Latest revision as of 23:41, 5 August 2023

Problem

Right triangle $ABC$ has side lengths $BC=6$, $AC=8$, and $AB=10$. A circle centered at $O$ is tangent to line $BC$ at $B$ and passes through $A$. A circle centered at $P$ is tangent to line $AC$ at $A$ and passes through $B$. What is $OP$?

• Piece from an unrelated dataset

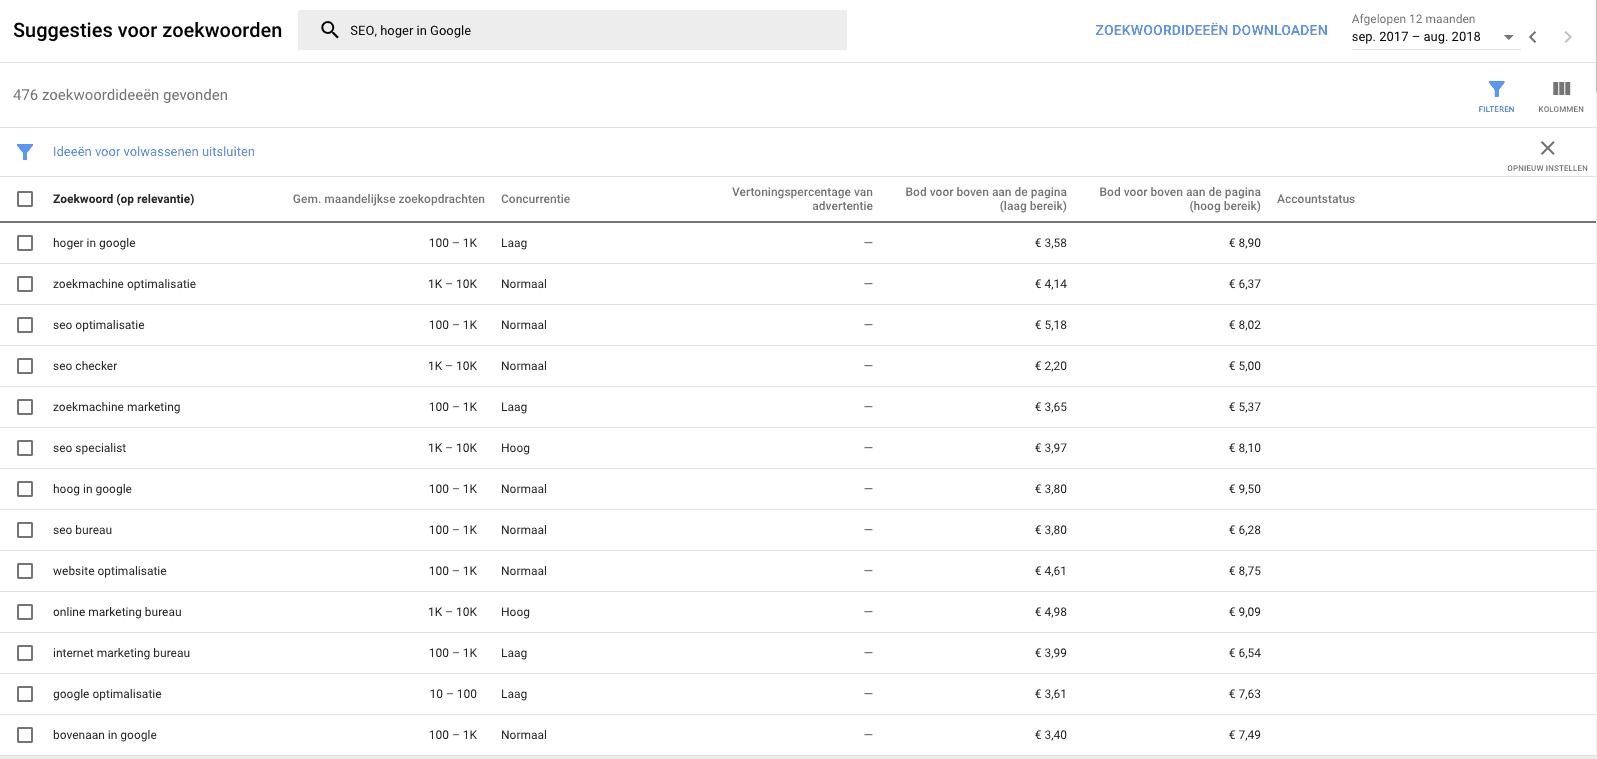 Zoekwoordideeen zoekwoordplanner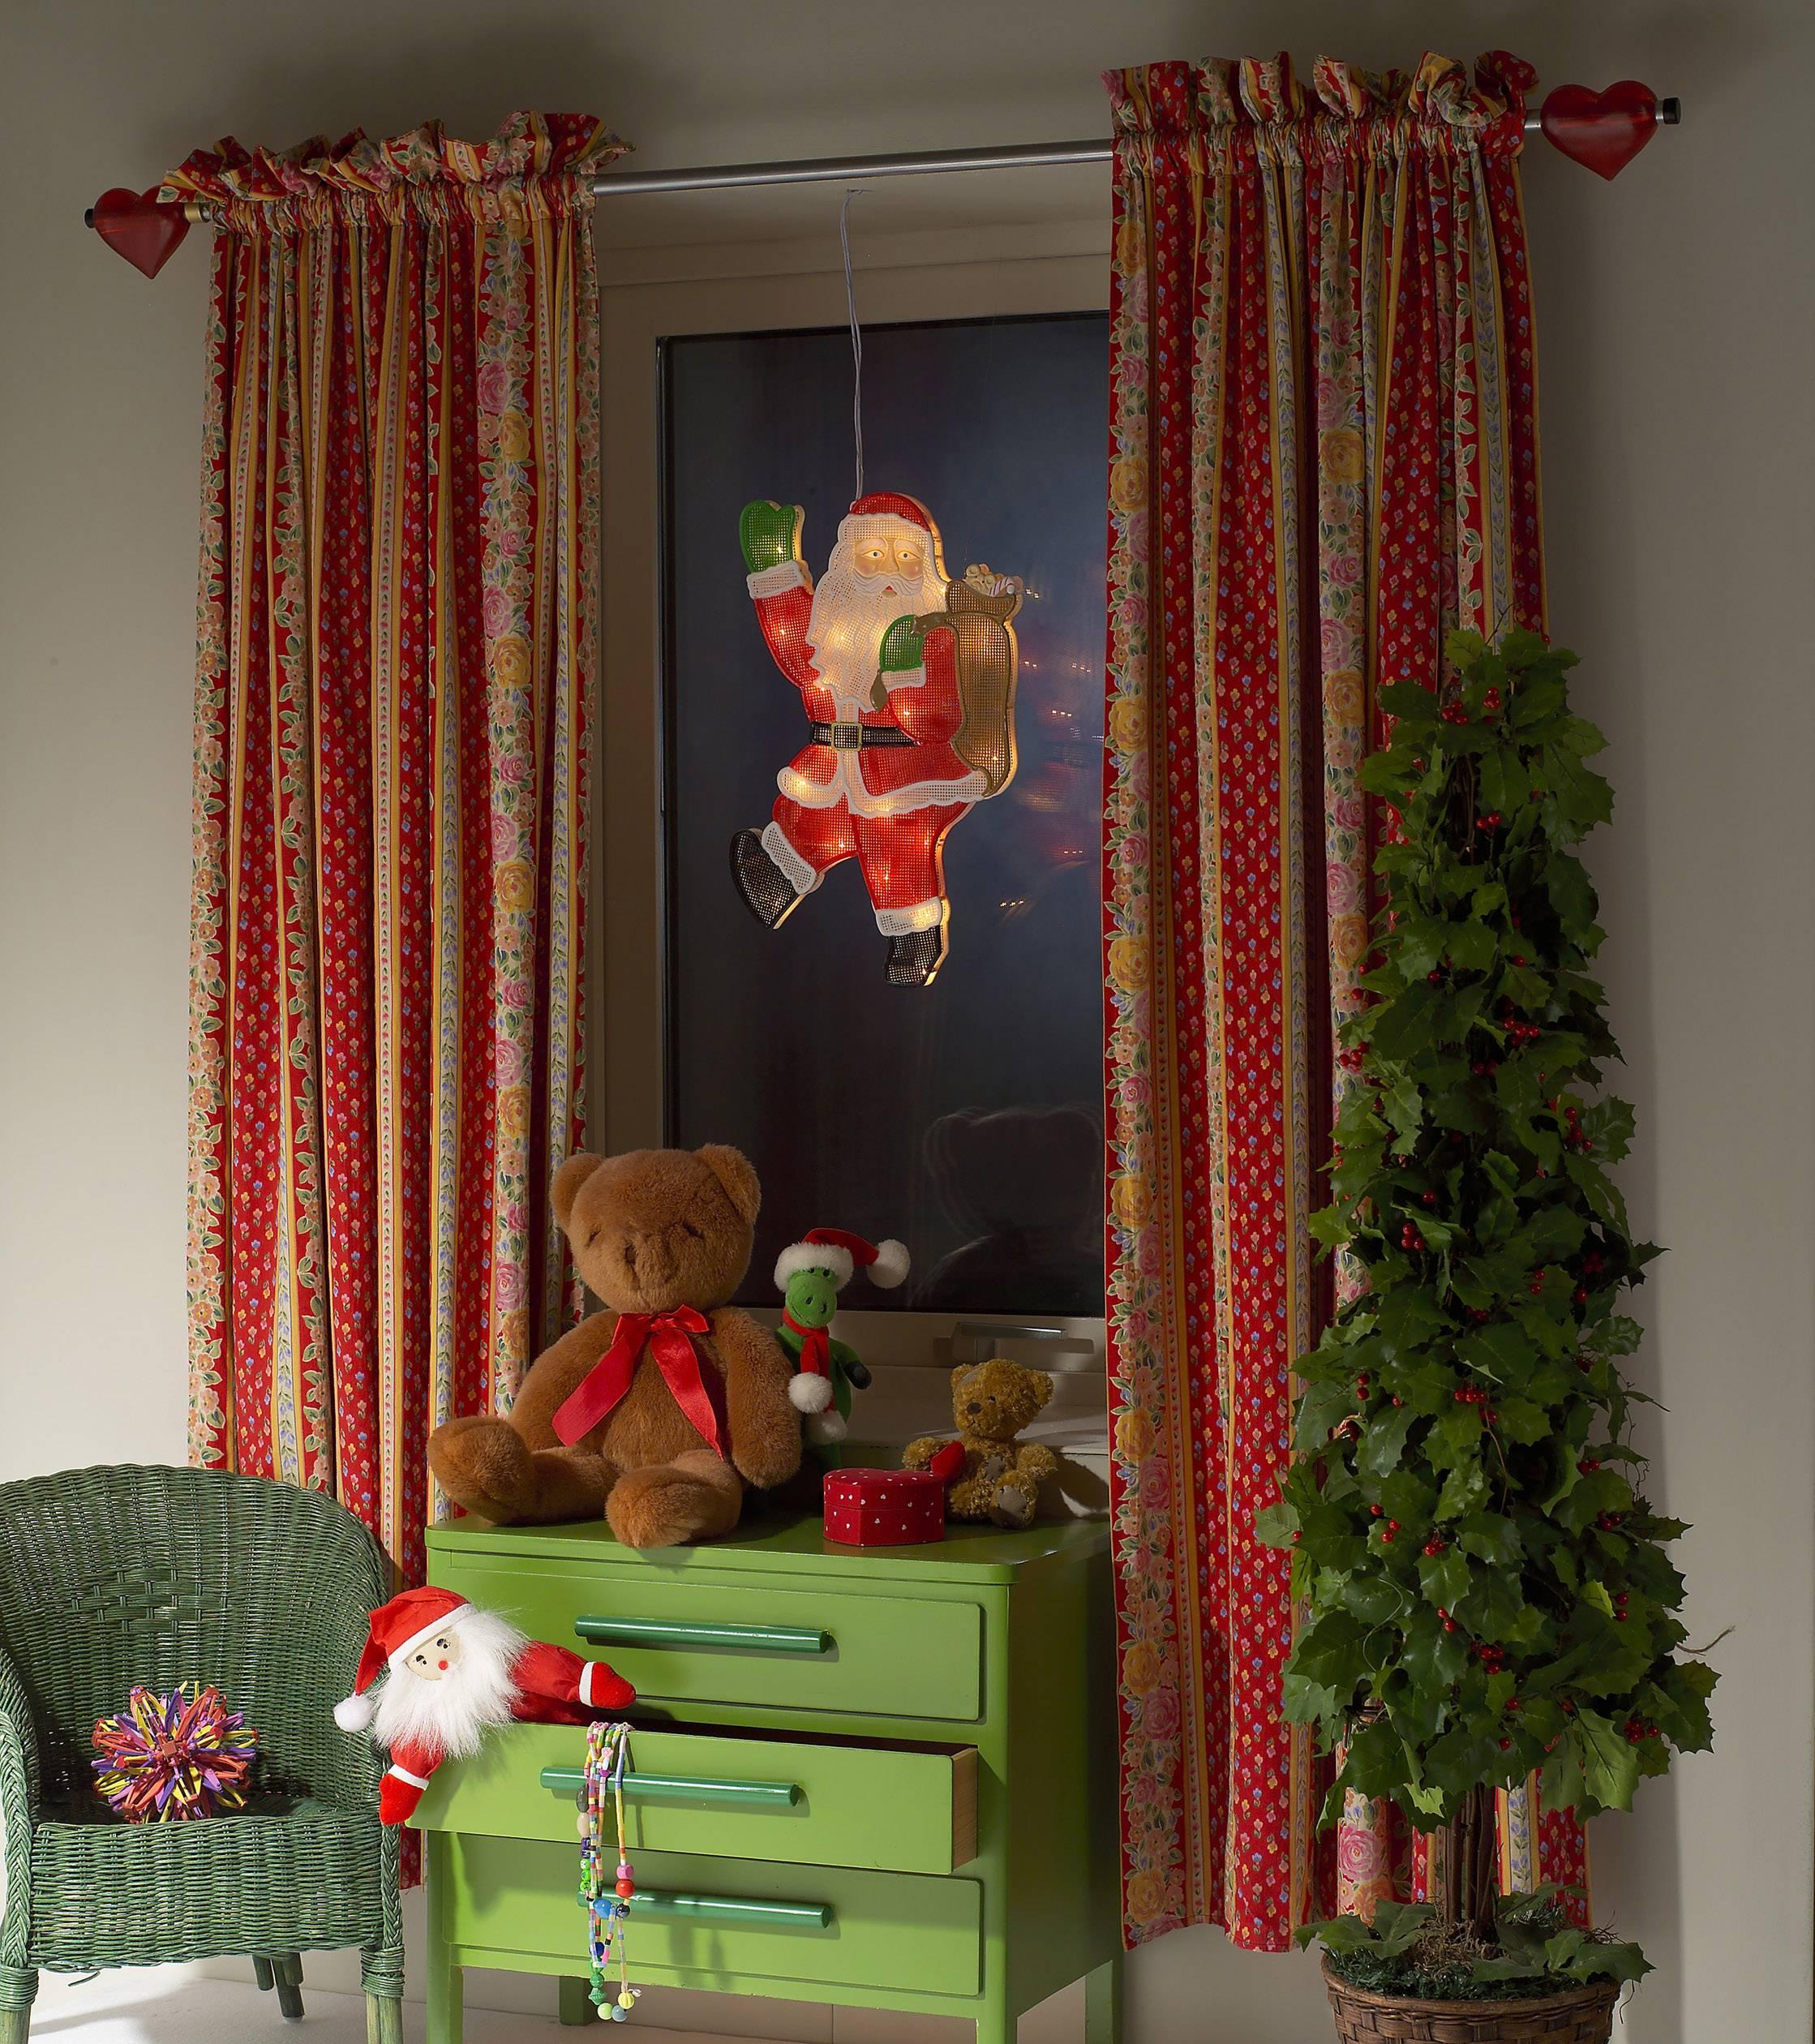 LED okenní dekorační osvětlení Santa Claus Konstsmide 2850-010 2850-010, teplá bílá

$\textbf{(A)}\ \frac{23}{8} \qquad\textbf{(B)}\  \frac{29}{10} \qquad\textbf{(C)}\  \frac{35}{12} \qquad\textbf{(D)}\ \frac{73}{25} \qquad\textbf{(E)}\ 3$

Diagram

[asy] defaultpen(fontsize(10)+0.8); size(150); pair A,B,C,M,Ic,Ib,O,P; C=MP("C",origin,down+left); A=MP("A",8*right,down+right); B=MP("B",6*up,2*up); draw(A--B--C--A); draw(B--(B+A), gray+0.25); M=MP("M",(A+B)/2,down+left); O=MP("O",extension(B,B+A,M,M+(B-M)*dir(-90)),down); P=MP("P",extension(A,B+A,M,M+(B-M)*dir(-90)),up); draw(M--P^^A--P, gray+0.25); label("$\theta$", A, 7*dir(162)); label("$\theta$", B, 7*dir(-20)); label("$\theta$", P, 7*dir(-110)); label("$6$", B--C, left); label("$8$", A--C, down); label("$D$", A+B, right); [/asy]

Solution 1

Let $M$ be the midpoint of $AB$; so $BM=AM=5$. Let $D$ be the point such that $ABCD$ is a rectangle. Then $MO\perp AB$ and $MP\perp AB$. Let $\theta = \angle BAC$; so $\tan\theta = \tfrac 68 = \tfrac 34$. Then \[OP=MP-MO=AM\cot\theta - BM\tan\theta = 5(\tfrac 43 - \tfrac 34) = \boxed{\textbf{(C)}\ \tfrac{35}{12}}.\]

Solution 2

This one uses the same diagram as Solution 1, except we draw $BP$. After doing angle chasing we find $\triangle BPM \sim \triangle BAC$ and $\frac{BM}{BC} = \frac{PM}{AC}$, resulting in $PM = \frac{20}{3}$.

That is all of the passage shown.